Research Program

Research Areas

Our Phase I research divides into two categories:

  • Theoretical Research
  • System Design and Implementation (primarily Phase II)

Theoretical Research

Research Area 1: Mathematical Theory of General Intelligence

Our research in this area will focus on using algorithmic information theory and probability theory to formalize the notion of general intelligence, specifically ethical general intelligence. Important work in this area has been done by Marcus Hutter, Juergen Schmidhuber, Shane Legg, and others, as well as by our team; but this work has not yet been connected with pragmatic AGI designs. Meeting this challenge is one of our major goals going forward. Specific focus areas within this domain include:

  • Mathematical Formalization of the "Friendly AI" Concept. Proving theorems about the ethics of AI systems, an important research goal, is predicated on the possession of an appropriate formalization of the notion of ethical behavior on the part of an AI. And, this formalization is a difficult research question unto itself.
  • Implications of Algorithmic Information Theory for the Predictability of Arbitrarily Intelligent AIs. In 2006, Shane Legg made an interesting, ultimately failed attempt to prove algorithmic information theoretic limitations on the possibility of guaranteeing ethical behavior on the part of future AIs. This line of research however has significant potential for future exploration.
  • Formalizing the Concept of General Intelligence. Shane Legg and Marcus Hutter published a paper in 2006 presenting a formal definition of general intelligence. Their work is excellent but can be extended in various ways; in particular, work is needed on connecting these ideas with practical intelligence tests for AGIs.
  • Reflective Decision Theory: Extending Statistical Decision Theory to Strongly Self-Modifying Systems. Statistical decision theory, as it stands, tells us little about software systems that regularly make decisions to modify their own source code in radical ways. This deficit must be remedied if we wish to formally understand self-modifying AGI systems, their potential dangers, and potential routes to ensuring their long-term safety and beneficialness.
  • Dynamics of Goal Structures Under Self-Modification. Under what conditions will an AGI system's internal goal structure remain invariant as the system self-modifies? Supposing that one of the system's top-level goals is precisely this sort of goal-system invariance - nevertheless, that is clearly not enough to guarantee invariance. Additional conditions are needed, but the nature of these conditions has not been seriously investigated. This is a deep mathematical issue in the dynamics of computational intelligence, with obvious critical implications for the creation of stably beneficial AGI.

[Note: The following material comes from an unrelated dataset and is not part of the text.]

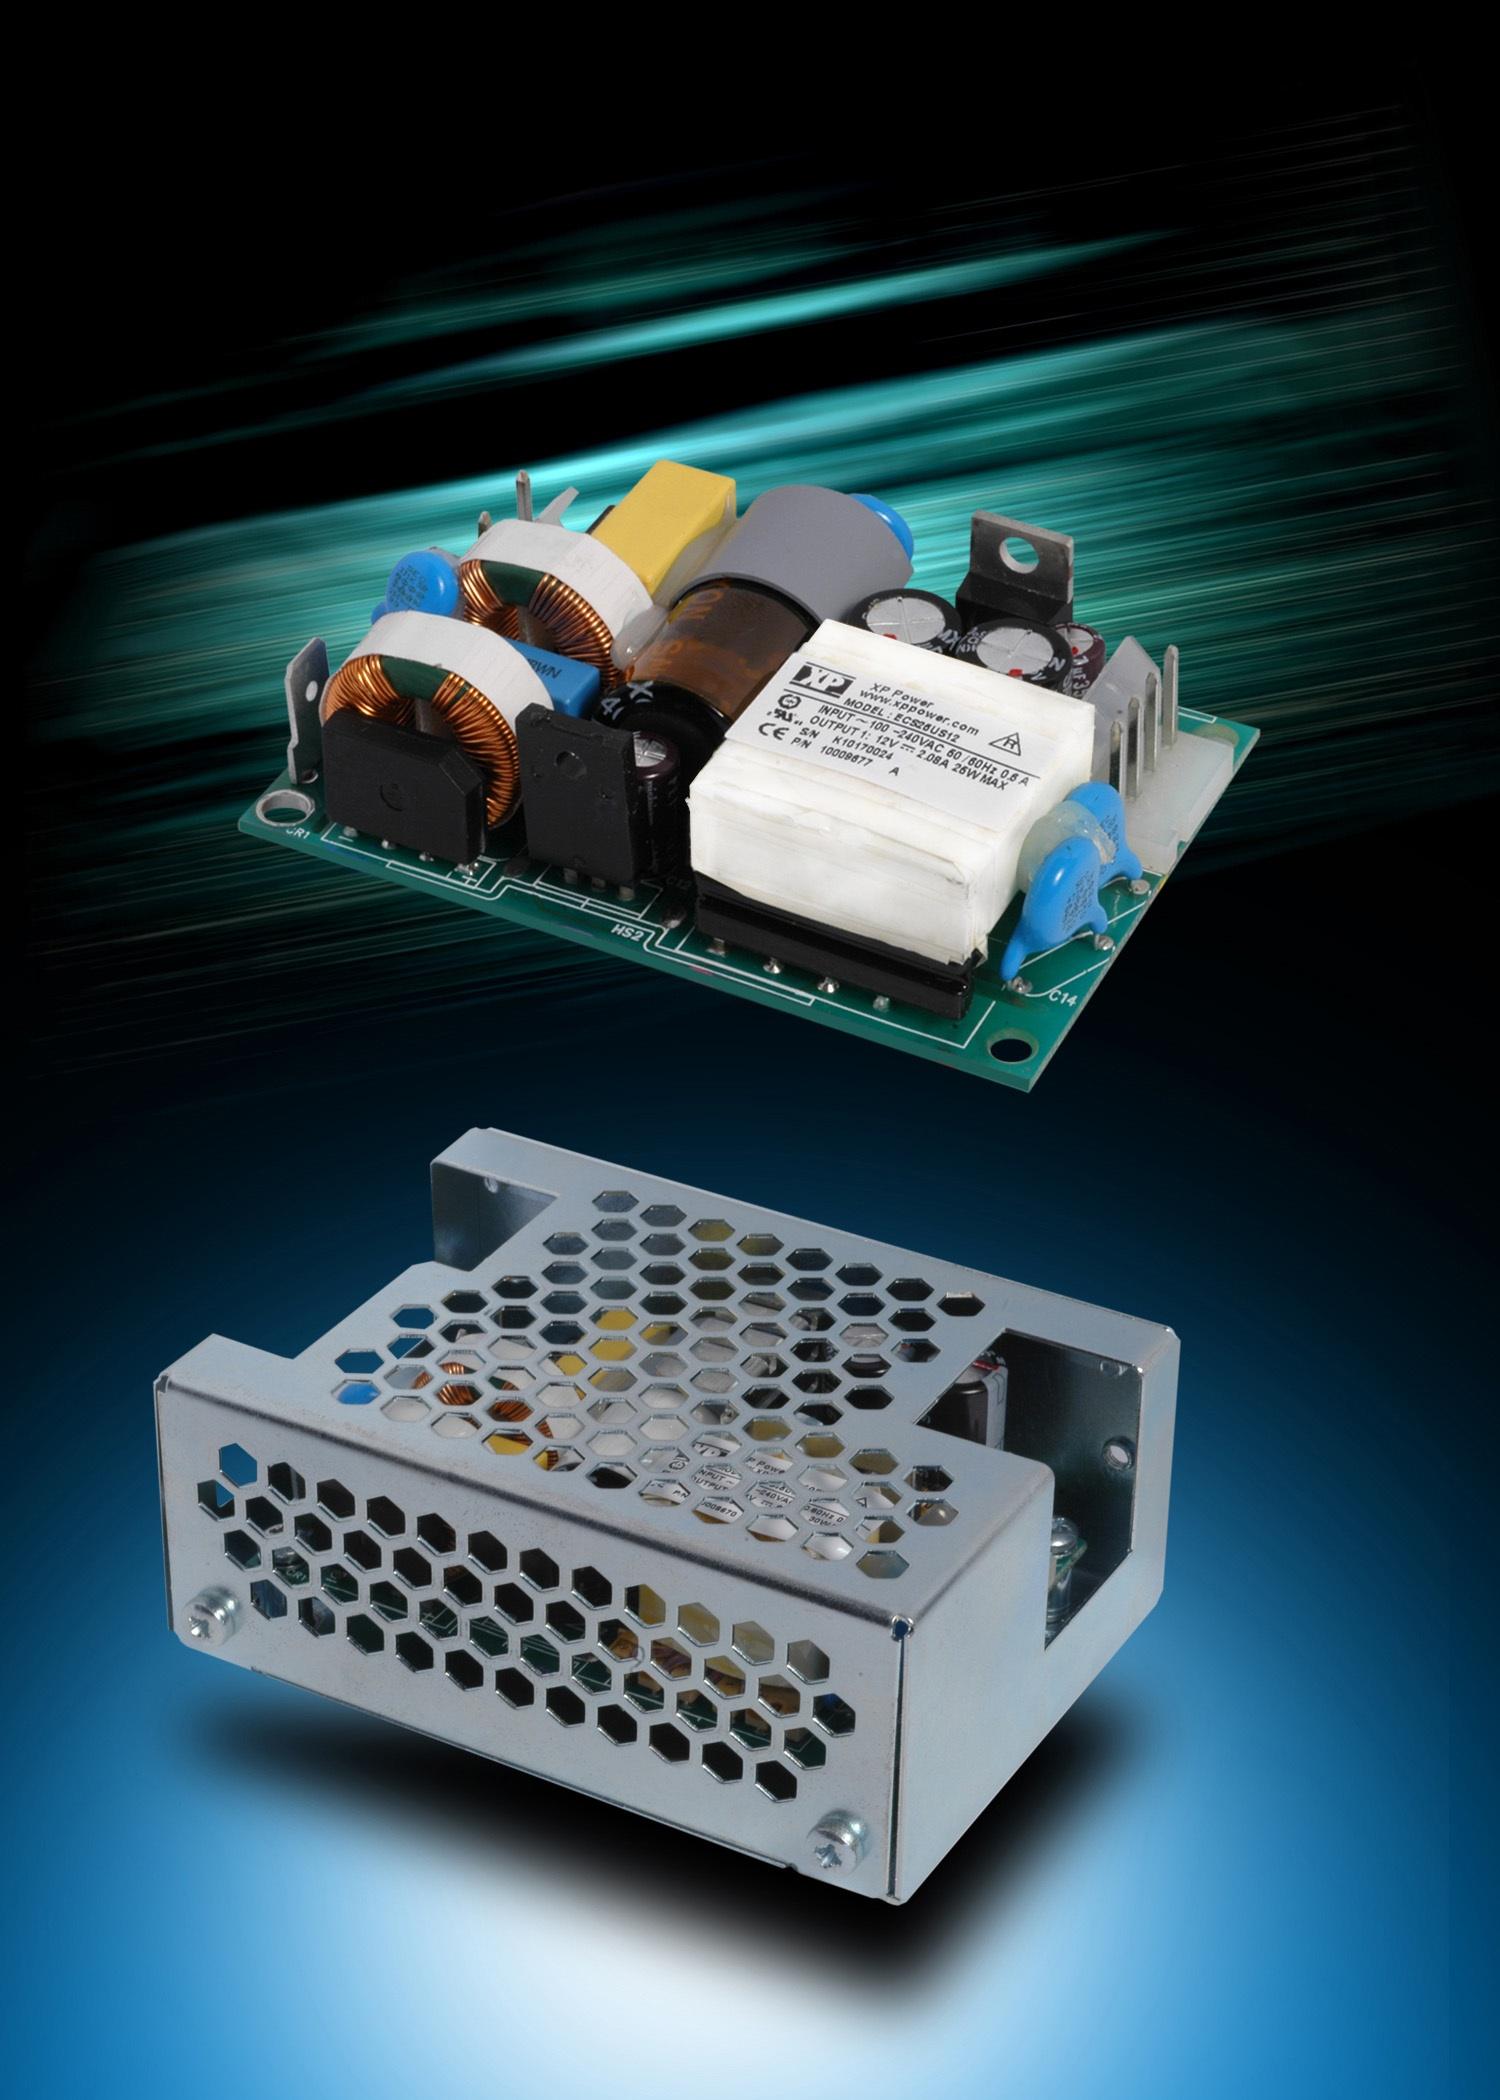 Компактные 45-Вт источники питания AC/DC для применения в промышленном и медицинском оборудовании

Research Area 2: Friendliness Theory

A central view of our research team is that ethical issues must be placed at the center of AGI research, rather than tacked on peripherally to AGI designs created without attention to ethical considerations. Several of our focus areas have direct implications for AGI ethics (particularly the investigation of goal system stability), but we also intend to heavily investigate several other issues related to AGI and ethics, including:

  • Formalizing the Theory of Coherent Extrapolated Volition. SIAI Research Fellow Eliezer Yudkowsky has proposed "coherent extrapolated volition" (CEV) as a way of arriving at a top-level supergoal for an AI system that represents the collective desires of a population of individuals. While fascinating, the idea has only been presented informally, and a mathematical formalization seems necessary so that its practical viability can be assessed. For example, it is of interest to try to articulate formally the conditions under which the CEV of a population of individual agents, appropriately defined, will exist. This may depend on the coherence versus divergence of the beliefs or mind-states of the individuals.
  • Framework for Formalizing Desired Beneficial Outcomes. To create safe and beneficial AI systems, we must have a clear vision of what constitutes a beneficial outcome. The recently developed science of Positive Psychology is making great strides in understanding elements that promote human happiness. Political philosophy has studied a wide variety of approaches to structure "the good society" in a way that maximizes the benefits to its citizens. We will work toward creating a framework which formalizes these kinds of insights so that they can be considered for AI goal systems.
  • Decision-Theoretic and Game-Theoretic Foundations for the Ethical Behavior of Advanced AIs. Microeconomics and decision theory study the nature of individual preferences and their influence on behavioral outcomes. Game theory is the core mathematical theory of decision making by interacting agents. We will use these tools to analyze the likely behavior of alternative models for the safe deployment of advanced self-modifying AIs. The preferences of an agent together with the behavior of other agents in its environment determine the actions it will take. We must design the preferences of agents so that their collective behavior produces the results we desire and is stable against internal corruption or external incursion.

System Design and Implementation

Research Area 3: AGI Design

This is arguably the most critical component of the path to AGI. As noted earlier, AGI design and engineering will be our central focus in Phase II. In Phase I, however, our work in this area will focus on the comparison and formalization of existing AGI designs. This is crucial, as it will lead to a better understanding of the strong and weak points in our present understanding of AGI, and form the foundation for creating new AGI designs, as well as analyzing and modifying existing AGI designs.